▸ EXERCISE AIM: Give the listing back in full, exactly as written, with the pictures removed.

▸ DATA PROVIDED:
◆ ◆ ◆

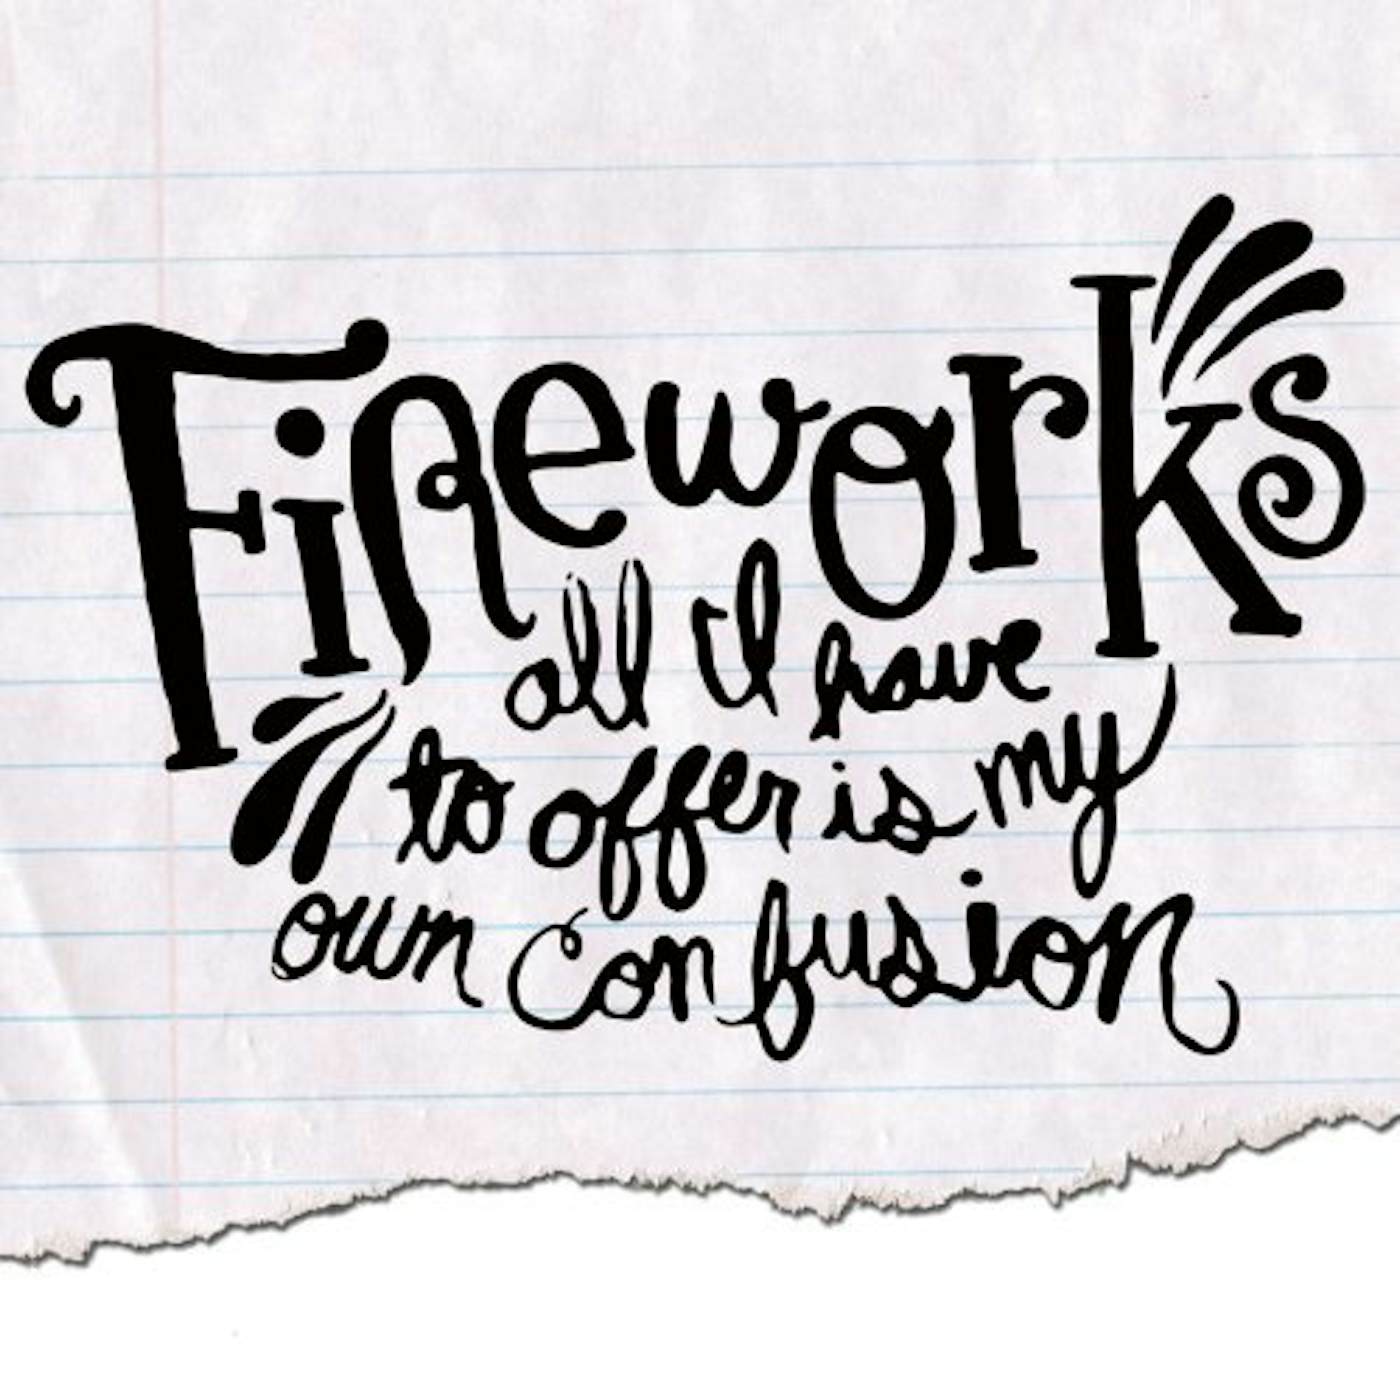 Fireworks ALL I HAVE TO OFFER IS MY OWN CONFUSION CD
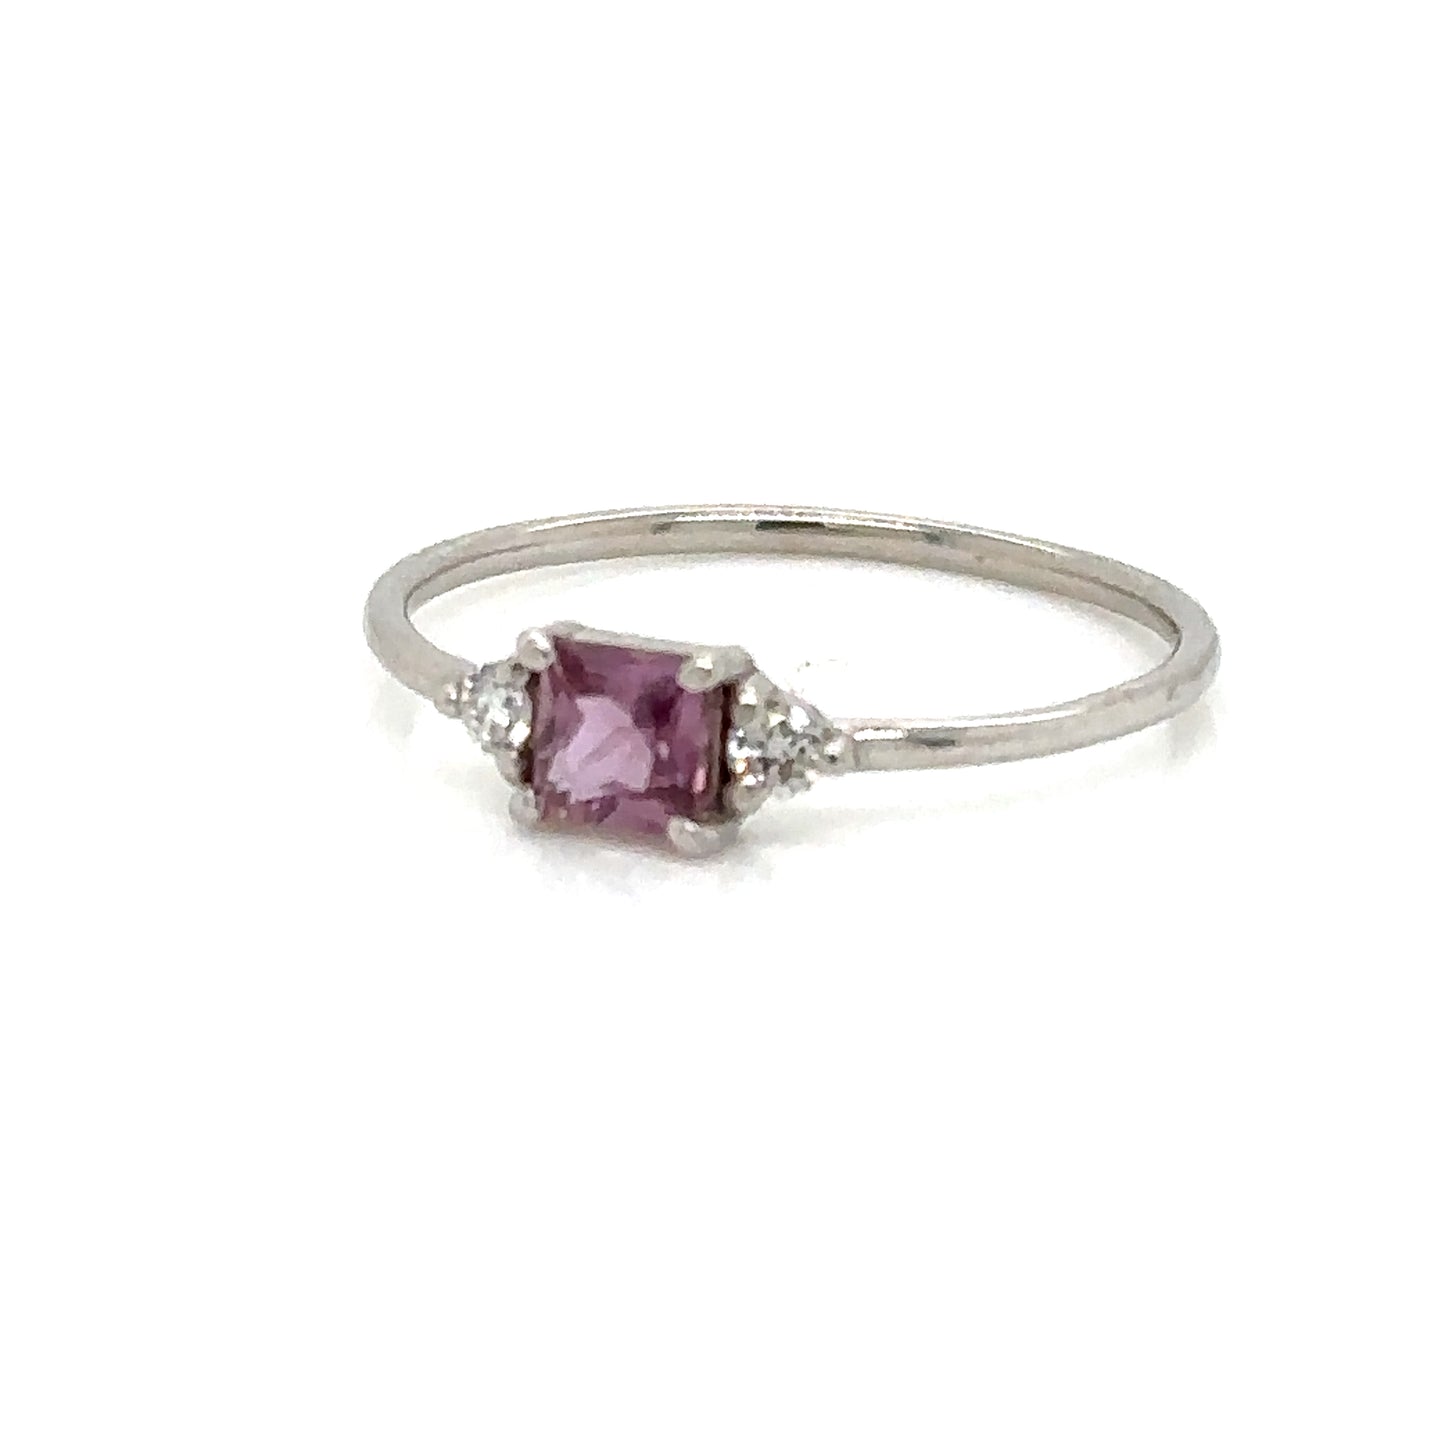 IMMEDIATE DELIVERY / Unique Piece / Princess Cut Pink Sapphire Ring with Diamonds / 14k white gold / size 5.5
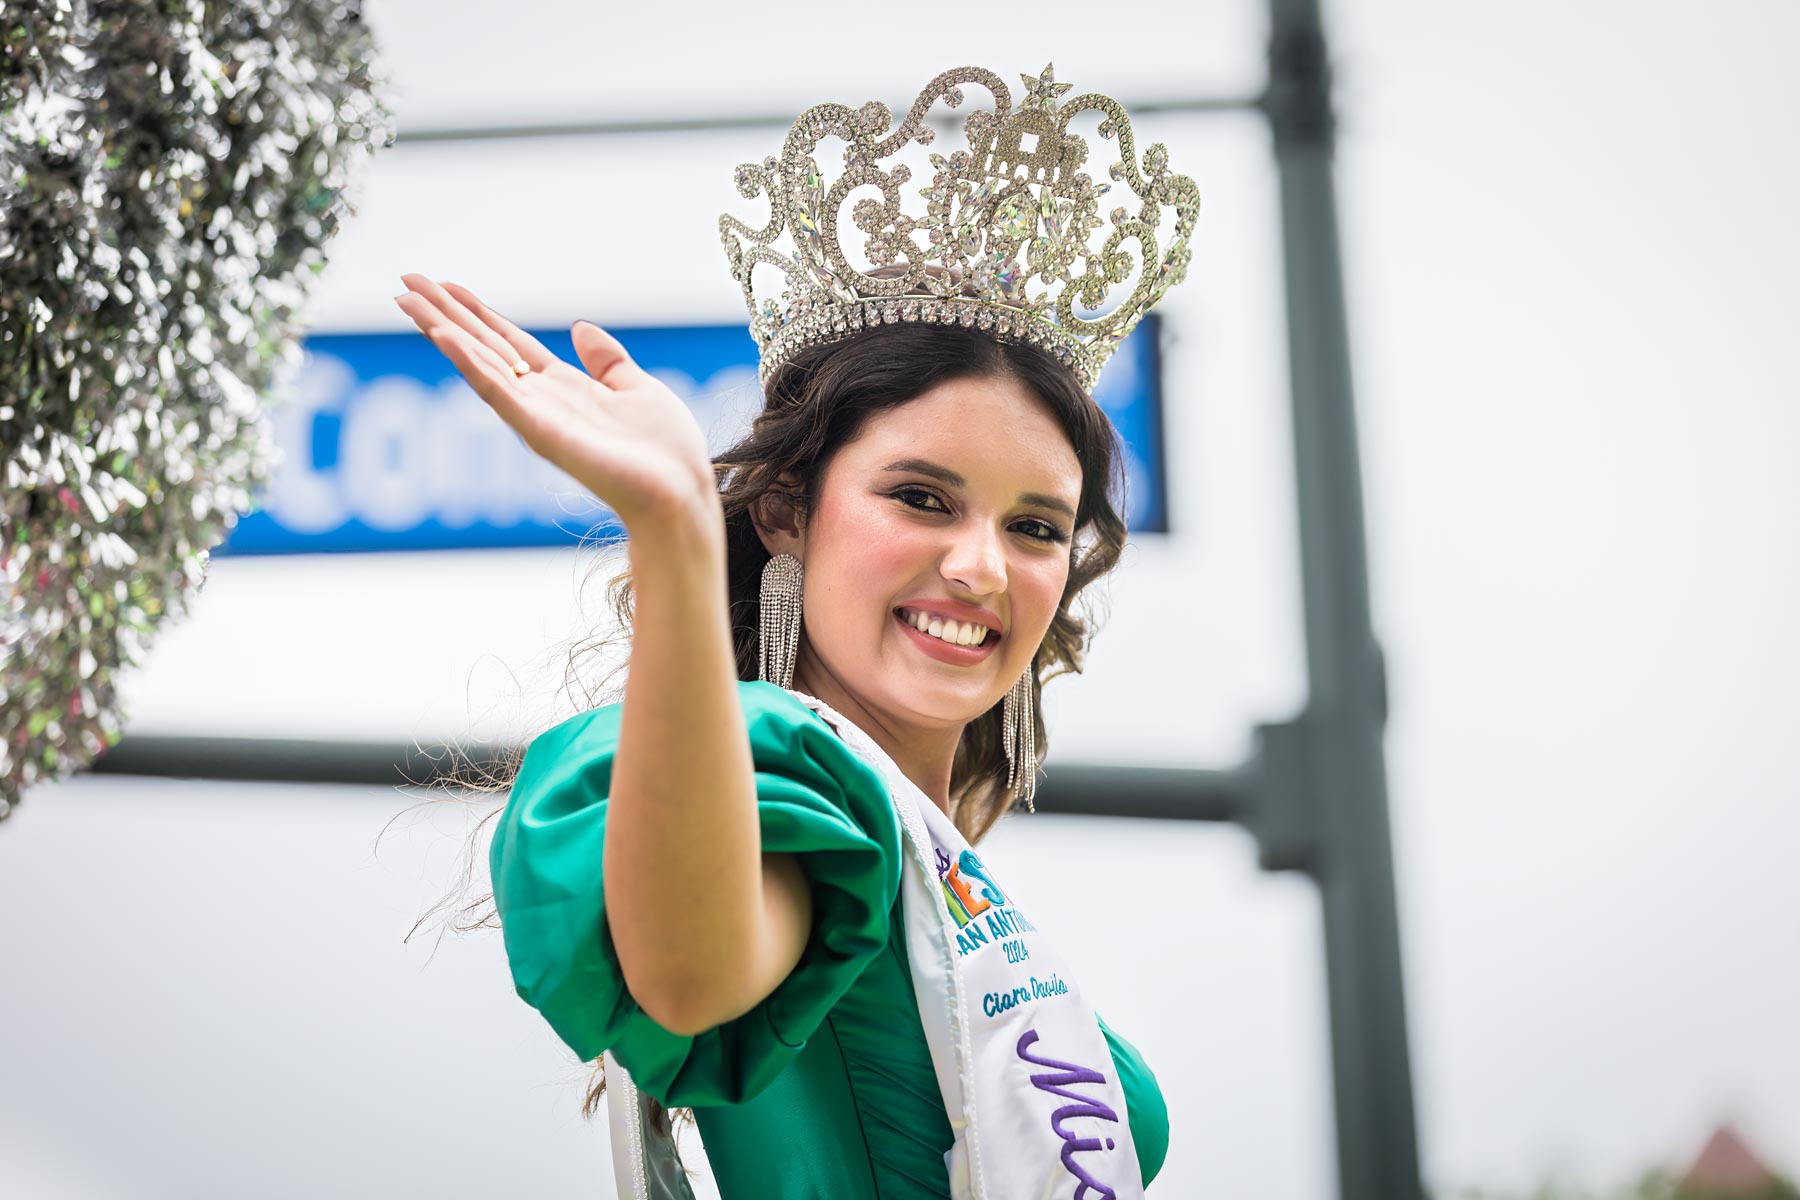 Miss Fiesta wearing green dress and large tiara waving for an article on the best Fiesta photos
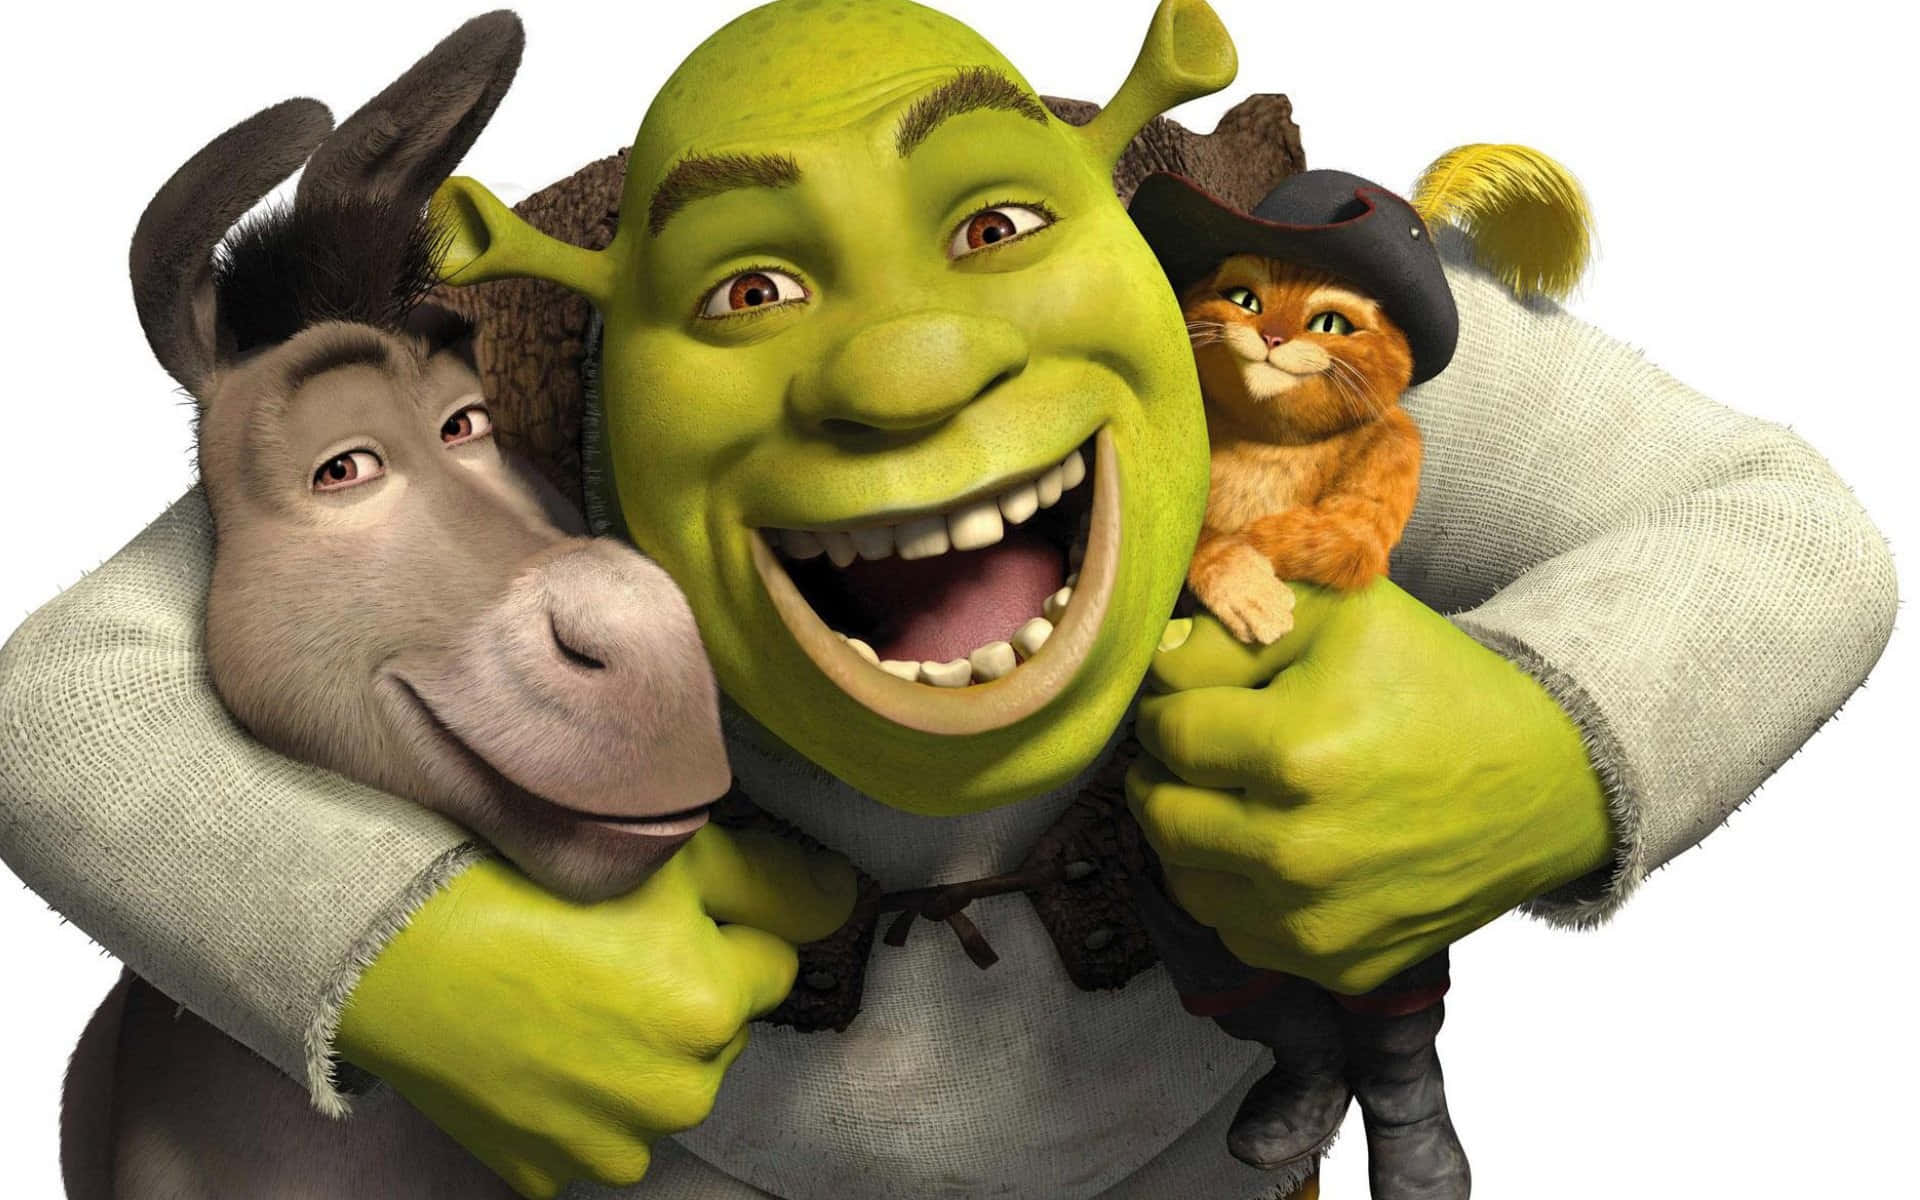 The iconic Shrek brings laughter and joy to millions of viewers worldwide

◆ ◆ ◆

▸ SOLVED PROBLEM:
 Fireworks ALL I HAVE TO OFFER IS MY OWN CONFUSION CD
 IMMEDIATE DELIVERY / Unique Piece / Princess Cut Pink Sapphire Ring with Diamonds / 14k white gold / size 5.5
 Miss Fiesta wearing green dress and large tiara waving for an article on the best Fiesta photos
 The iconic Shrek brings laughter and joy to millions of viewers worldwide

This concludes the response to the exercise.